Folglich komme der S. KG, in welcher der Beschwerdeführer alleiniger und unbeschränkt haftender Gesellschafter sei, keine ökonomische "Gesamtbedeutung" zu.

Nach Bewertung der Aktenlage, der angeführten Gutachten sowie der Berufung stehe fest, dass die vom Beschwerdeführer angestrebte selbständige Erwerbstätigkeit keinesfalls als die einer Schlüsselkraft angesehen werden könne.

Der Verwaltungsgerichtshof hat über die gegen diesen Bescheid erhobene Beschwerde nach Aktenvorlage durch die Behörde erwogen:

Soweit durch das Verwaltungsgerichtsbarkeits-Übergangsgesetz, BGBl. I Nr. 33/2013, nicht anderes bestimmt ist, sind gemäß § 79 Abs. 11 VwGG idF BGBl. I Nr. 122/2013 in den mit Ablauf des 31. Dezember 2013 beim Verwaltungsgerichtshof anhängigen Beschwerdeverfahren die bis zum Ablauf des 31. Dezember 2013 geltenden Bestimmungen weiter anzuwenden. Dies trifft auf den vorliegenden Fall zu.

Im Hinblick auf den Zeitpunkt der Erlassung des angefochtenen Bescheides im Mai 2012 sind die Bestimmungen des NAG in der Fassung des BGBl. I Nr. 112/2011 anzuwenden.

Gemäß § 41 Abs. 2 Z 4 NAG kann Drittstaatsangehörigen ein Aufenthaltstitel "Rot-Weiß-Rot - Karte" erteilt werden, wenn sie die Voraussetzungen des ersten Teiles des NAG erfüllen und ein Gutachten der Landesgeschäftsstelle des Arbeitsmarktservice gemäß § 24 AuslBG vorliegt.

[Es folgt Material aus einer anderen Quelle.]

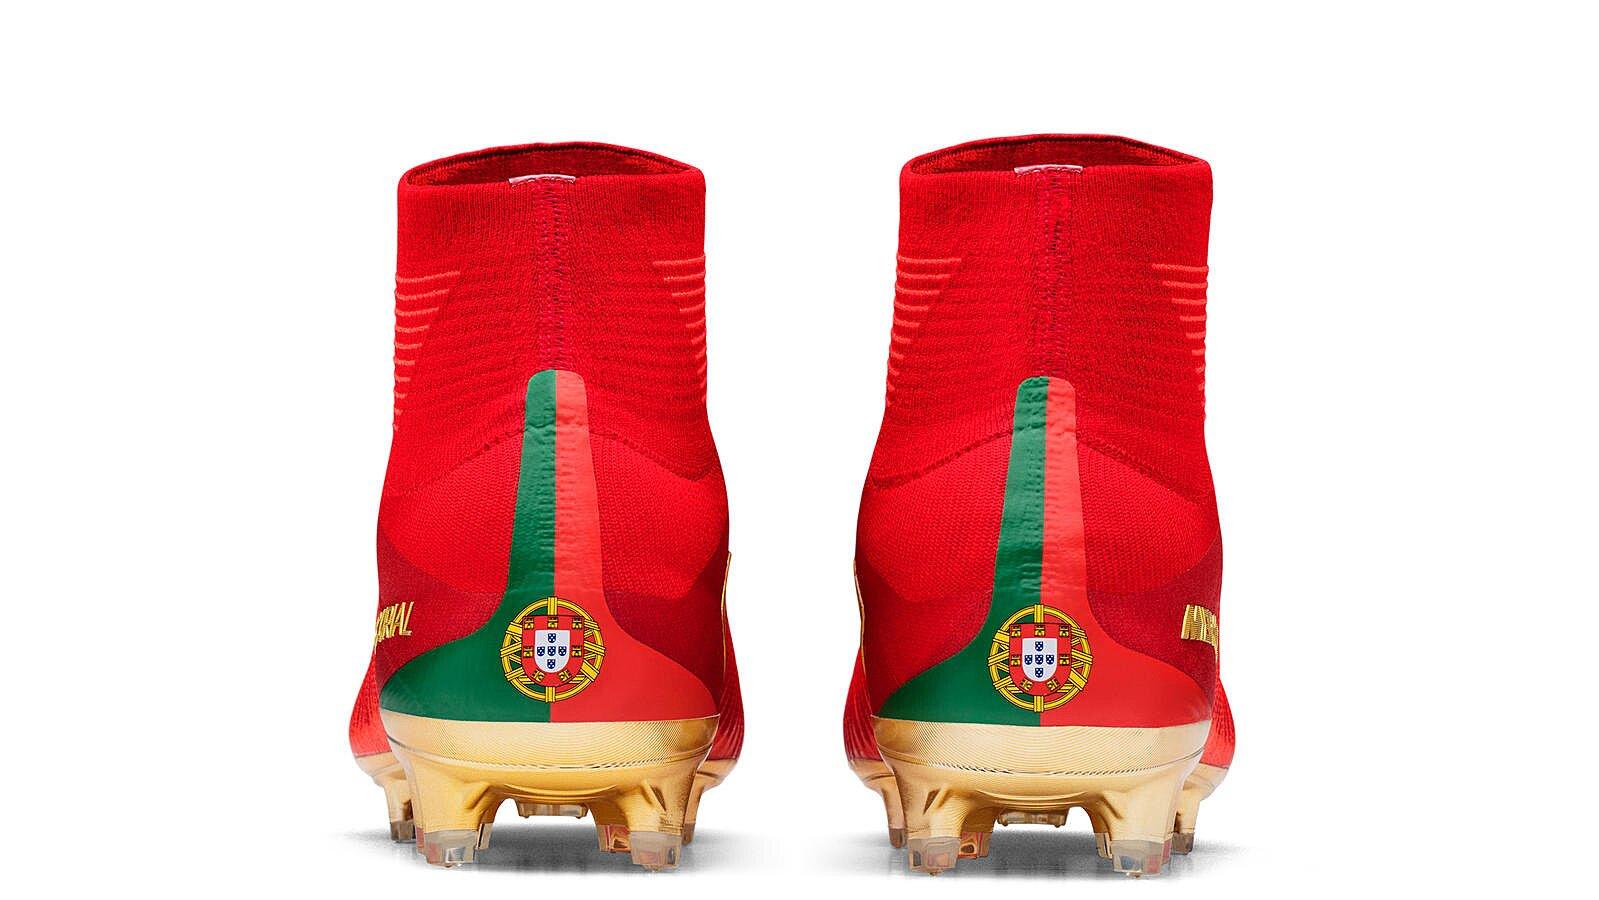 be991b266c5 Cristiano Ronaldo CR7 boots special designed (photos) | SI.com

§ 24 AuslBG in der maßgeblichen Fassung BGBl. I Nr. 101/2005 lautet:

"Erstellung von Gutachten für selbständige Schlüsselkräfte

§ 24. Die nach der beabsichtigten Niederlassung der selbständigen Schlüsselkraft zuständige Landesgeschäftsstelle des Arbeitsmarktservice hat binnen drei Wochen das im Rahmen des fremdenrechtlichen Zulassungsverfahrens gemäß § 41 NAG erforderliche Gutachten über den gesamtwirtschaftlichen Nutzen der Erwerbstätigkeit, insbesondere hinsichtlich des damit verbunden Transfers von Investitionskapital und/oder der Schaffung und Sicherung von Arbeitsplätzen zu erstellen. Vor der Erstellung dieses Gutachtens ist das Landesdirektorium anzuhören."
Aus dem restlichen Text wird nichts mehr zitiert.